Thanks to Agatha Christie, I'm finally out of my 2020 reading slump! It makes me so happy to have several books going at once when for so long it's been hard for me to get through just one.
I finished listening to book one of the Tommy and Tuppence series, The Secret Adversary, which I enjoyed immensely. I also listened to Jane Eyre while reading along in an annotated version that was very helpful with the French phrases and obscure literary references. My other pick for Victober was Mary Barton by Elizabeth Gaskell. I am overly sensitive to relentless suffering, so this was not an easy read (even though there was an eventual happy ending).
I finished Knowing God after many months of careful reading. I am not a Calvinist so I saw more areas of disagreement than when I read it three decades ago. Still, it's a Christian classic for good reason. I've also been working my way through an old hymnal this year - one or two hymns per day - and finished it up early in the month. I read and enjoyed P.D. James Talking About Detective Fiction. Serendipitously, I read it at the same time I was reading book two of the T&T series, Partners in Crime, which was also a nod to the golden age of detective fiction.
As far as movies go my husband and I watched the original True Grit with John Wayne. We liked it, but it lacked some of the haunting beauty of the recent remake. We also watched the Netflix program called The Social Dilemma about how internet platforms are designed to make us tech addicts.
I watched a few Hallmark mysteries: Aurora Teagarden: A Bone to Pick, Death on Duty: A Hailey Dean mystery, 15 min of Dead Over Diamonds (terrible acting) Mystery 101: Dead Talk, Emma Fielding: More Bitter than Death (both male leads were awful actors). I'm used to bad acting in the romance movies because the actors and sets are more eye candy than anything, but in general the mysteries have been far superior in that department.
Anybody else read any Victorian lit this month? Watched any good, clean movies?
3 comments:
I just read Knowing God for the first time a few years ago and enjoyed it. I am not a Calvinist, either--it's odd how so many Christian writers these days are. I can overlook those aspects in many books unless the author is really pushing certain tenets.

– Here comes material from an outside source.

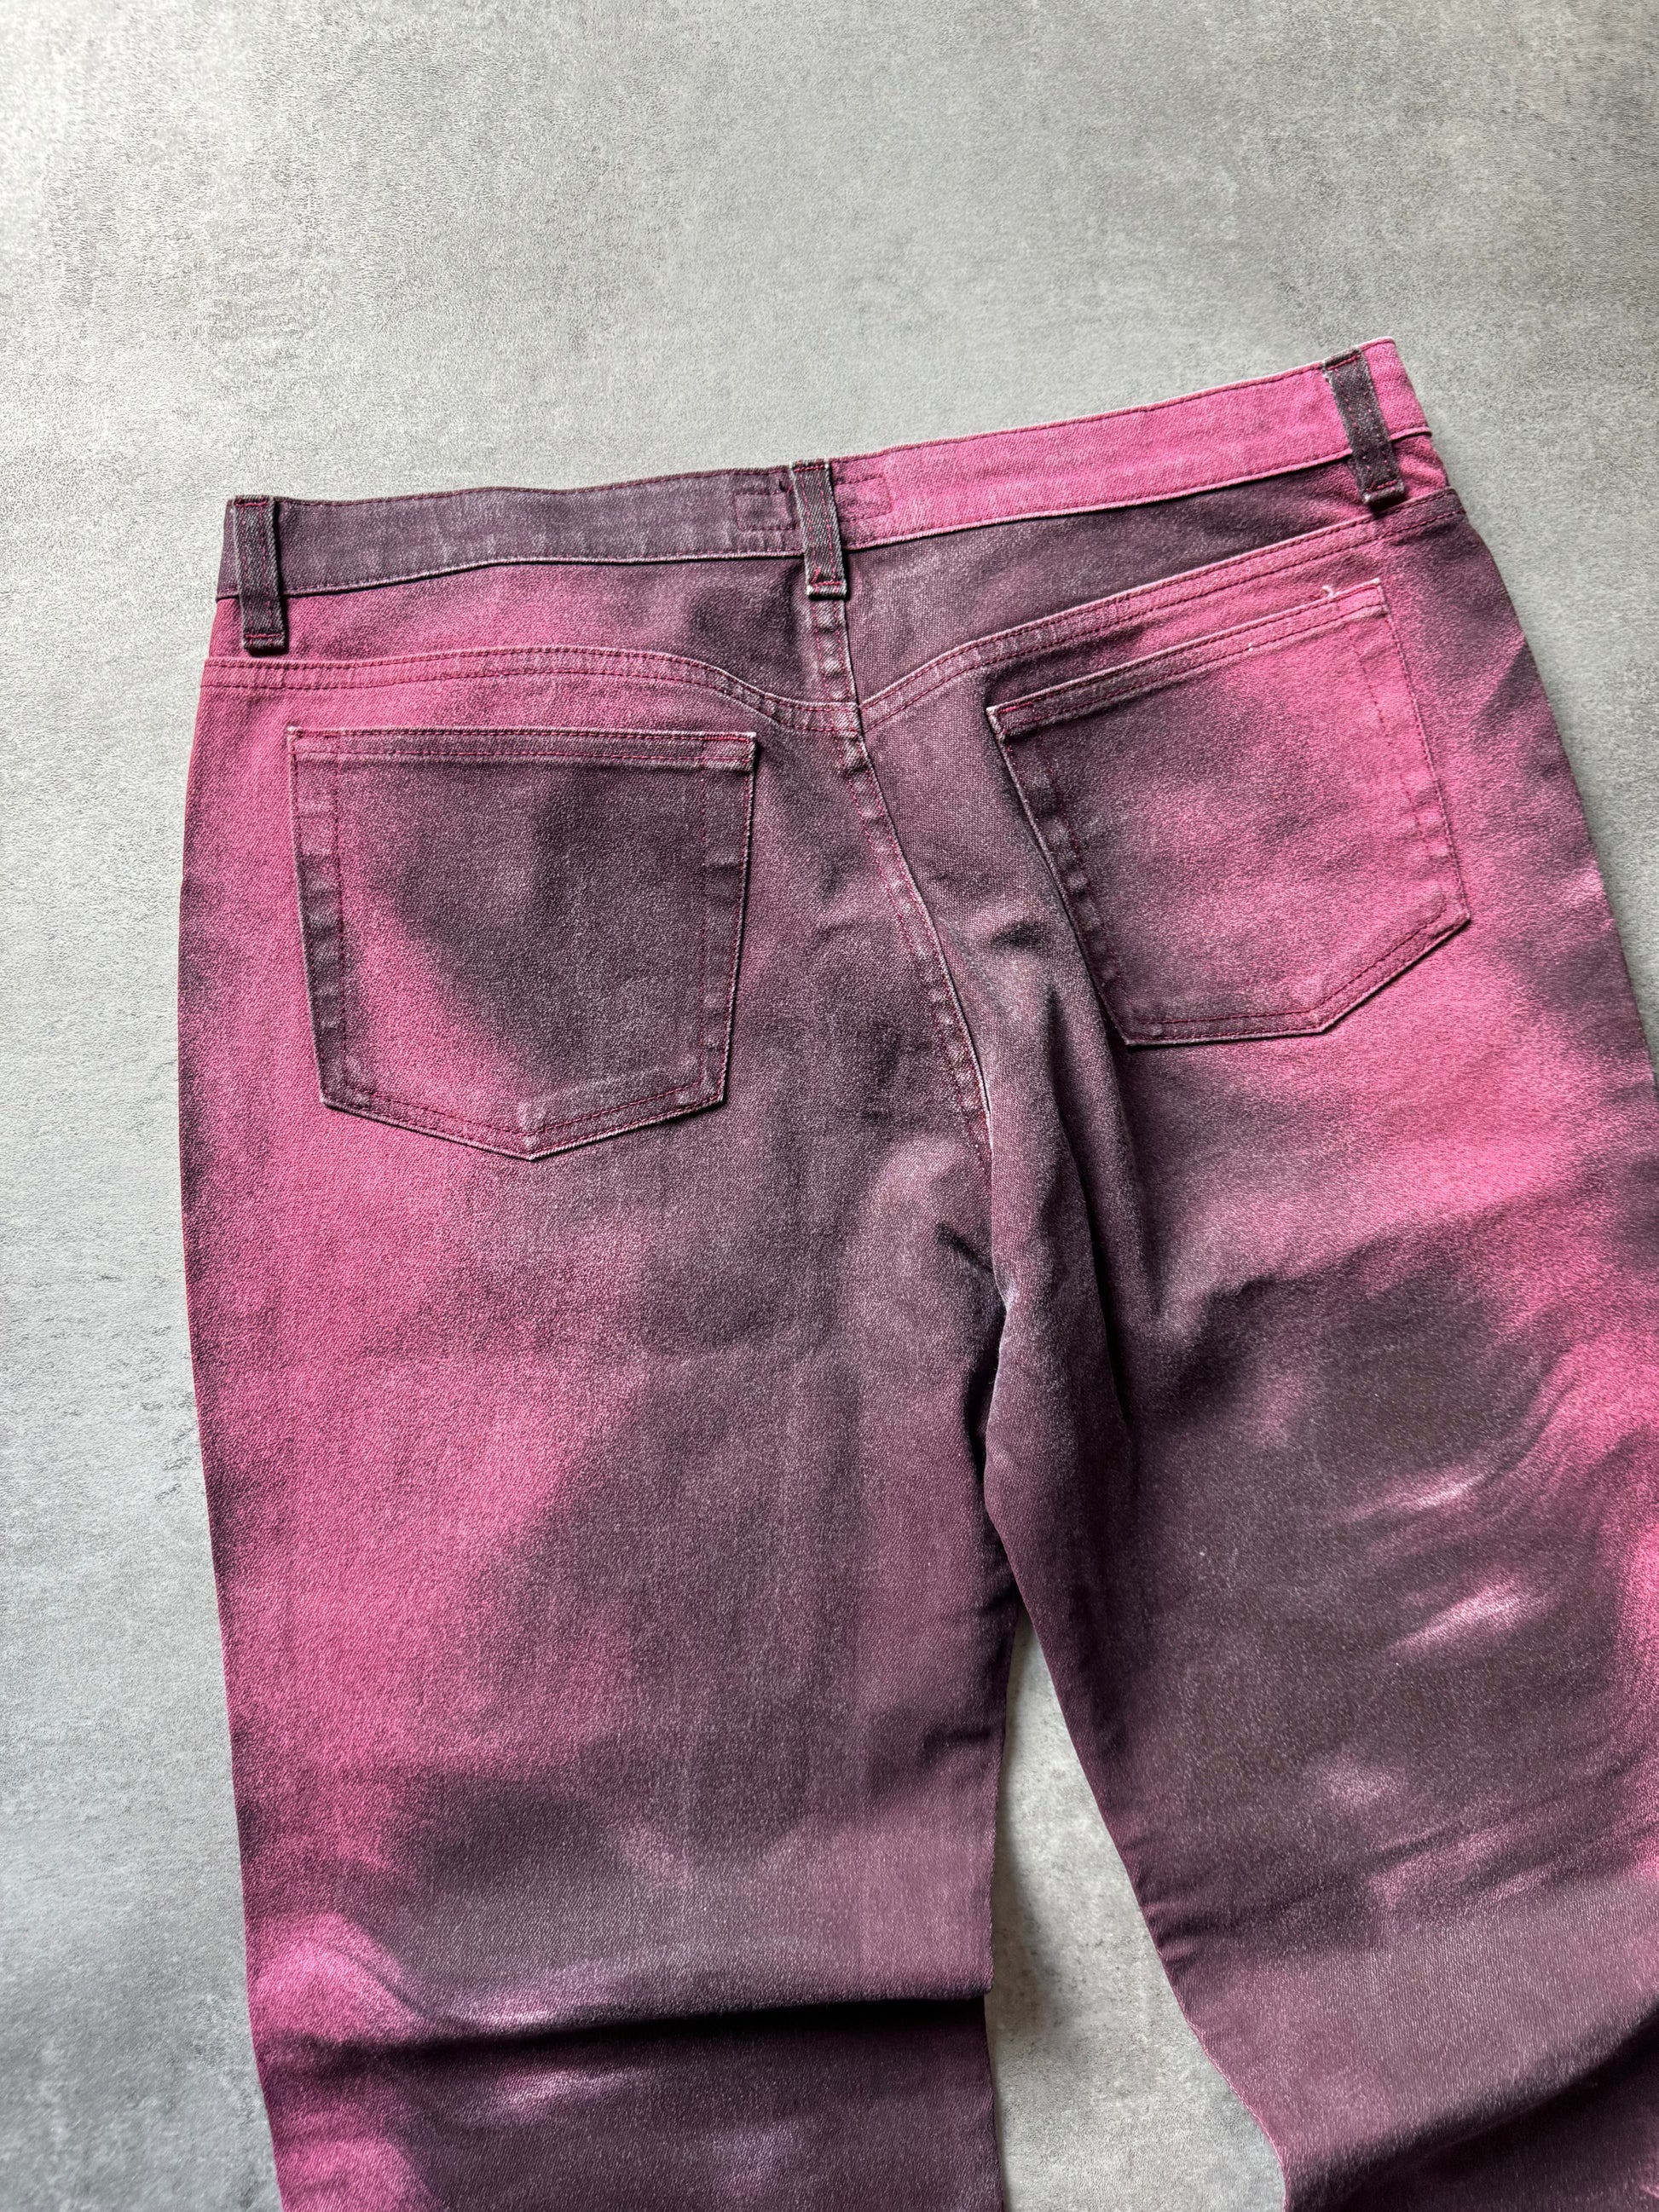 AW2000 Roberto Cavalli Floral Purple Spectrum Pants (L) - 4

I've read and loved Gaskell's more well-known books and have wanted to delve into some of her others.
I watched an old Cary Grant movie that I had never heard of before: The Amazing Quest of Ernest Bliss. My husband and I watched The Current War (a couple of instances of God's name taken in vain, but otherwise clean). I've started the Lark Rise to Candleford series while using my exercise bike.

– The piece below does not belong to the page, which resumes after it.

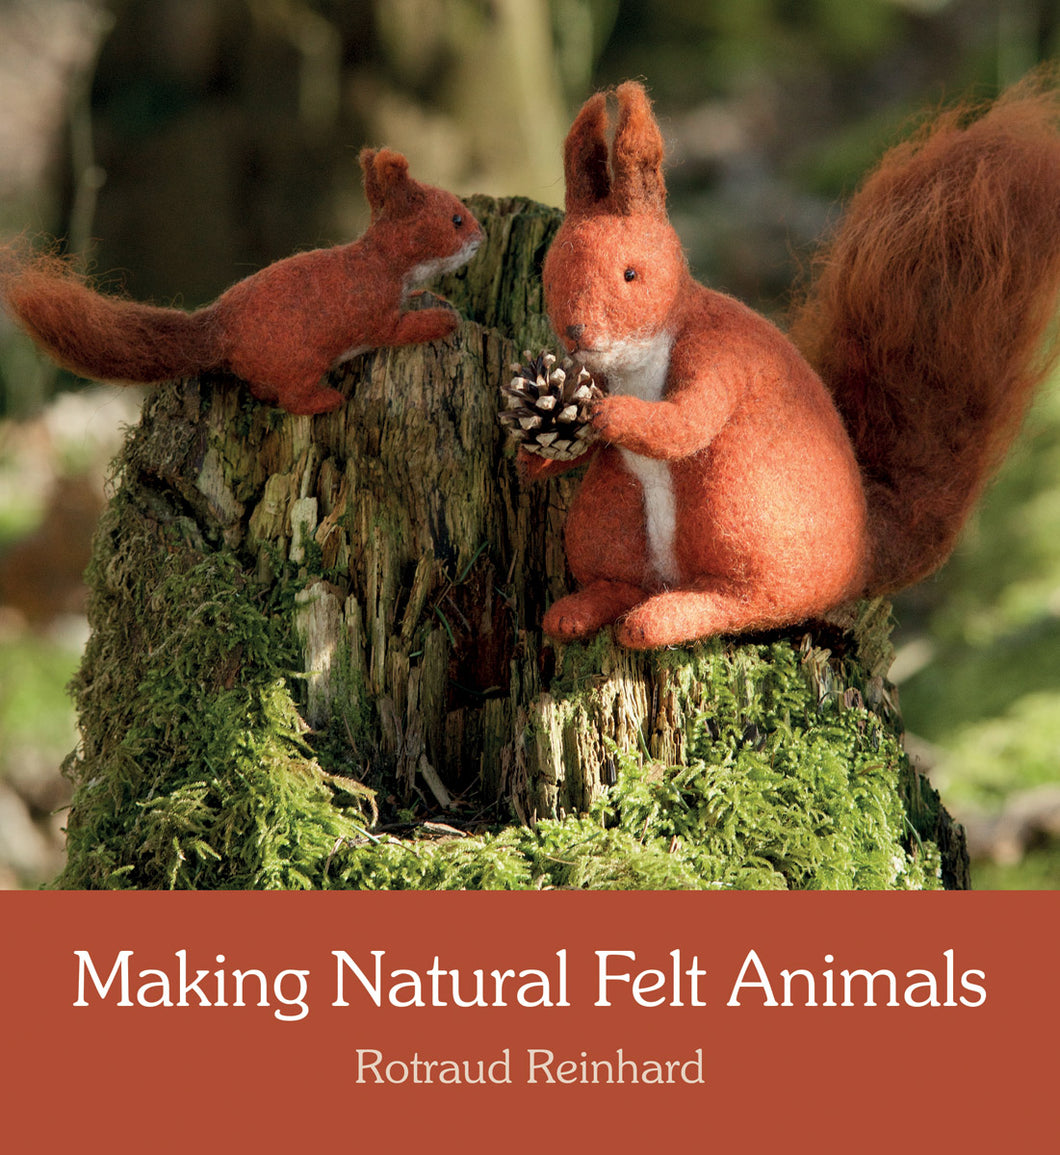 Making Natural Felt Animals by Rotraud Reinhard

I wrote about the rest of what I read in my end-of-month post.
Thanks, Barbara!
I watched Meet Me in St. Louis - a wonderful old favorite of mine. To me, that era of film making was hands-down the best. Also watched The Shell Seekers - a Hallmark movie w/ Angela Lansbury. Nothing incredibly good but I appreciate nearly everything I've seen Lansbury do. I appreciate her graciousness & style that comes through no matter the film/show.